Embed documents into nodes

Does org-roam have an equivalent to Obsidian’s “embed” function? Like with PDFs or PNGs. Because I found this useful and used it a lot. If not, is it possible to link to external files, and when the link is clicked on it opens in the correct external program?

When I tried finding information on this, all was about exporting org files to PDF, but I want to display a PDF (or at least link to it) in my org file.

If none of those is possible, what sort of thing do people use instead?

What does it do exactly?
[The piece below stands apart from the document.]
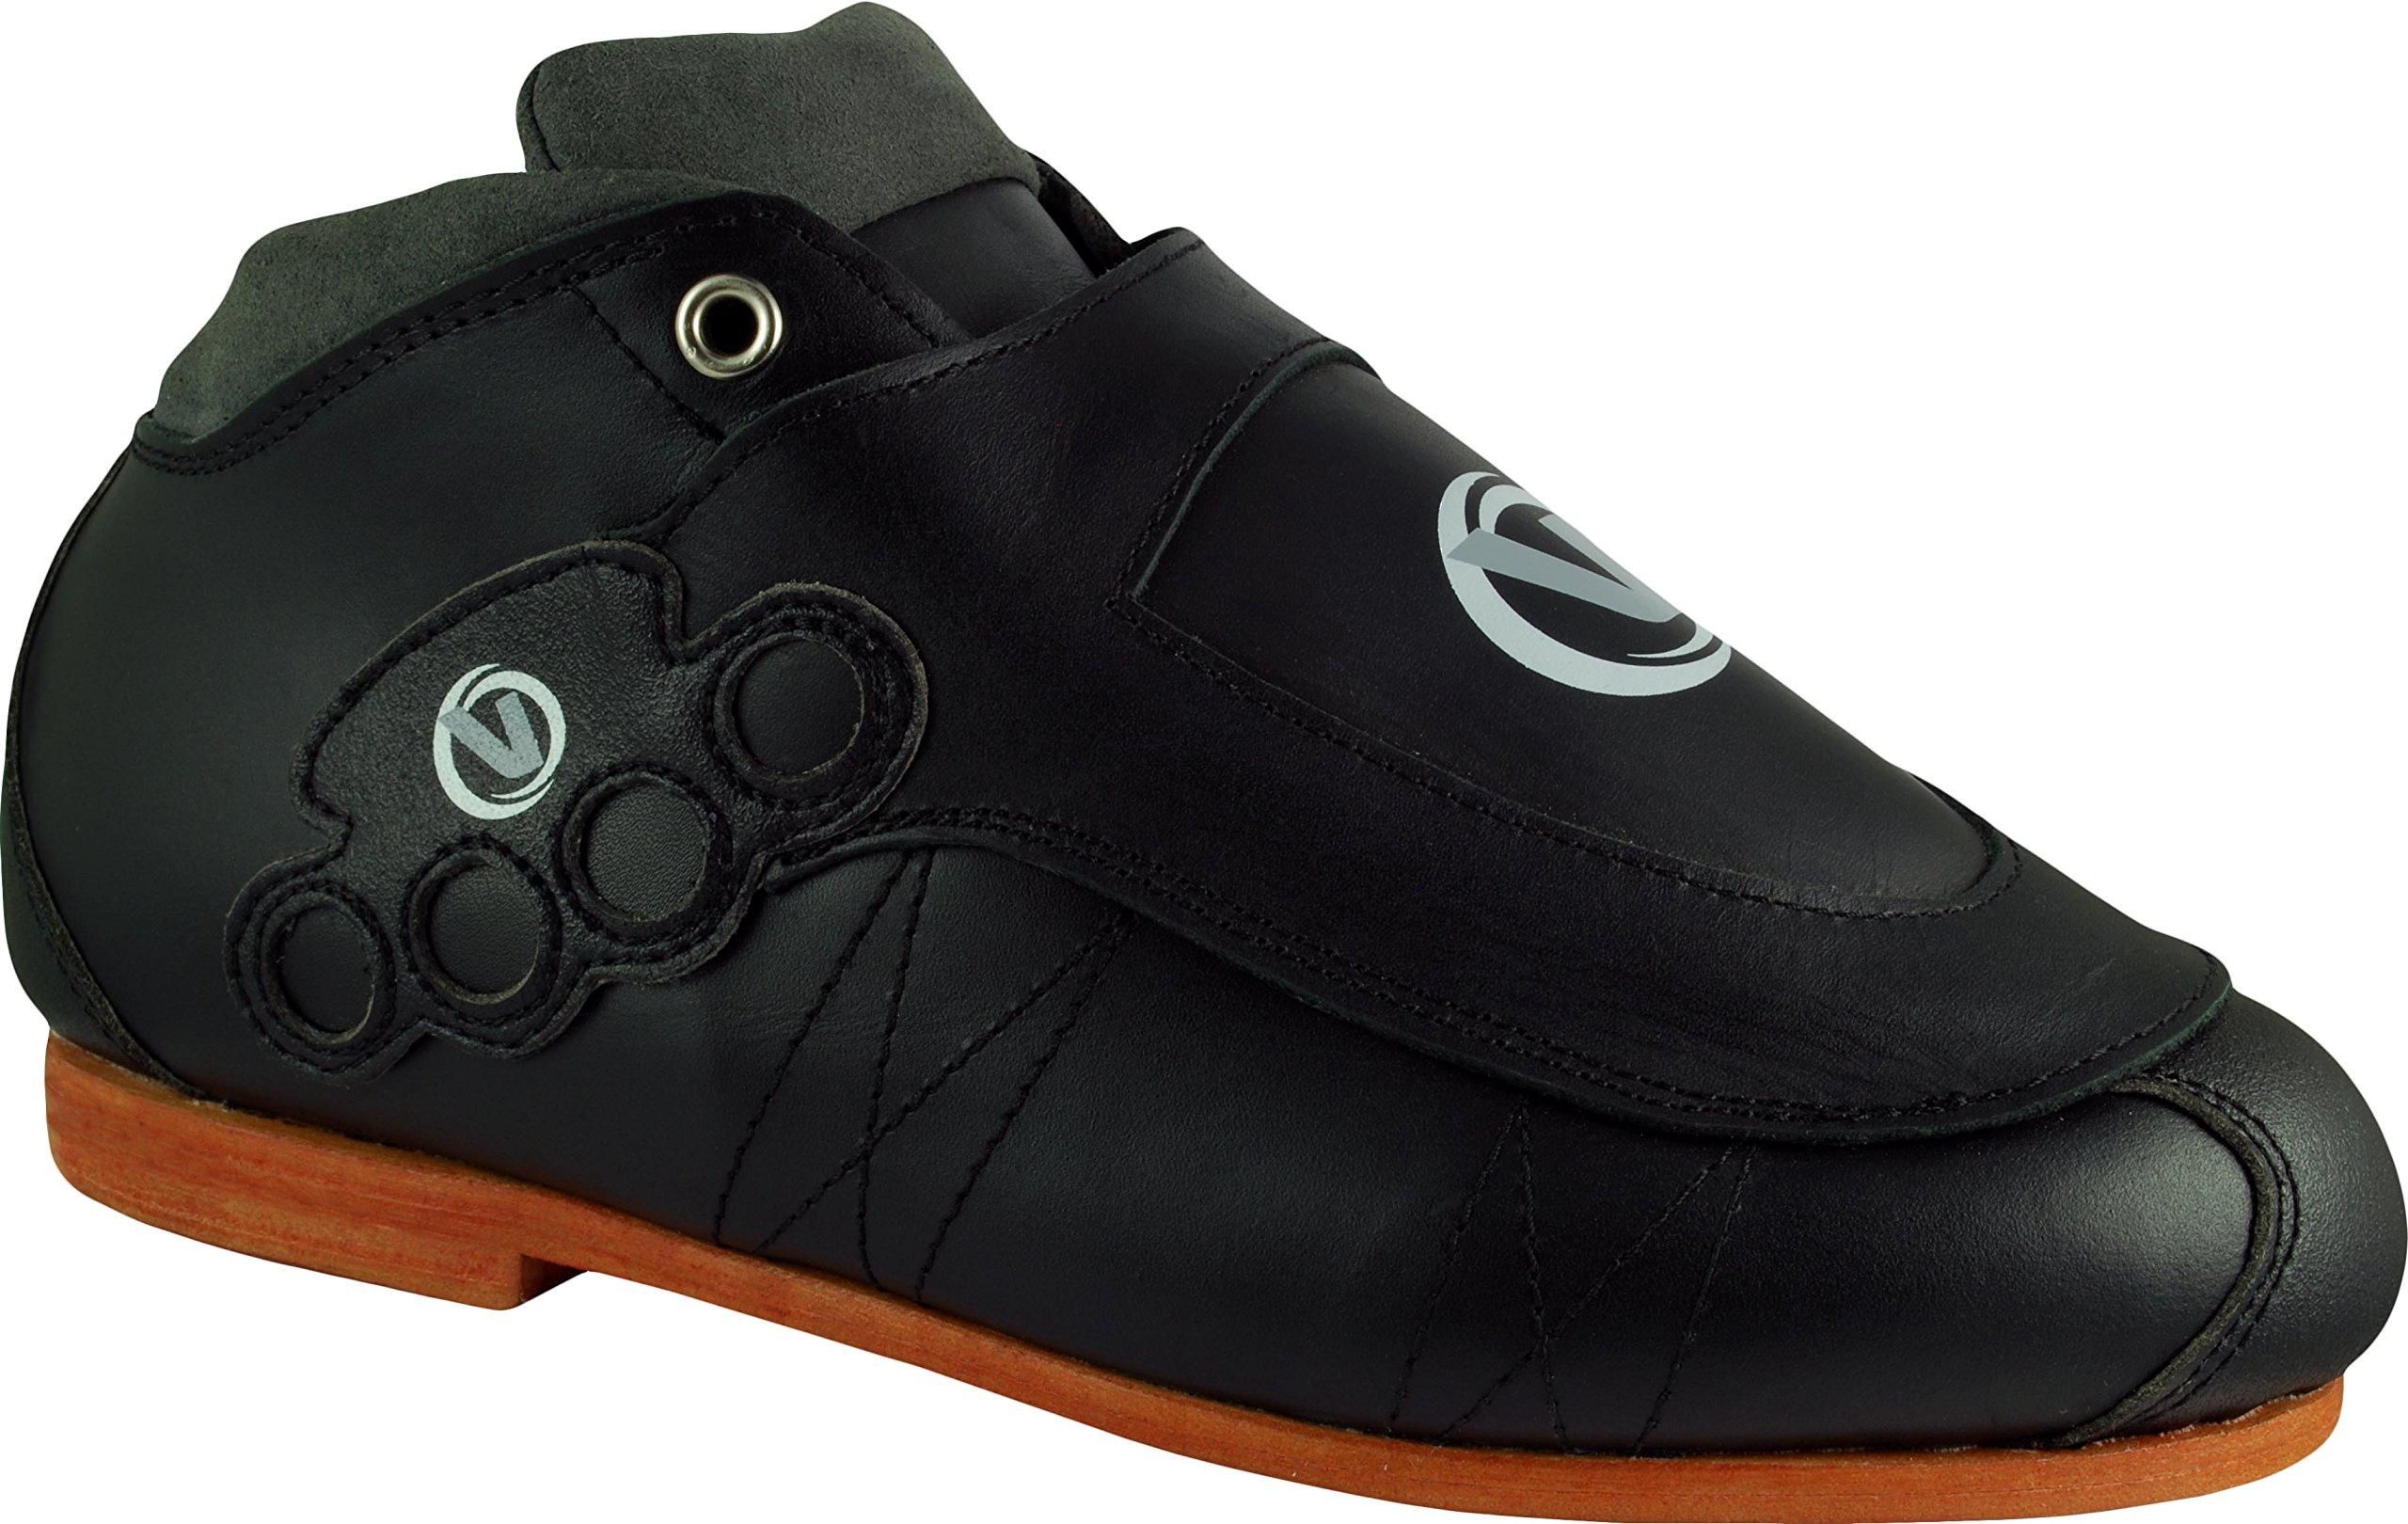 VNLA Blackout Roller Skate Boots

Can you describe more?

I will assume it lets you do the following:

  • Drag-and-drop of a file.
  • By doing so, you can move the file into a specific folder within Obsidian’s vault.
  • It will also create a link to the file in the current markdown file at the point where the file is dropped.
  • When you click on the link, Obsidian opens the PDF or image files into another tab/window like a browser (Obsidian itself is a customized browser, if I understand it correctly).
  • For images, Obsidian can show them in the display where you edit the current markdown file.

Drag-and-drop

If you have Emacs 29 (latest stable release; 30 is on its way), you can drag-and-drop a file onto an Org buffer. See this example with a PDF file.

For drag-and-drop, see this page of the documentation.

Opening links

Org buffers can open a link to image files and PDF. See this page of documentation.

Especially this: docview ‘docview:papers/last.pdf::NNN’

Org does not open the content of PDF files directly inside the current Org buffer, but opens a new window to use docview by default.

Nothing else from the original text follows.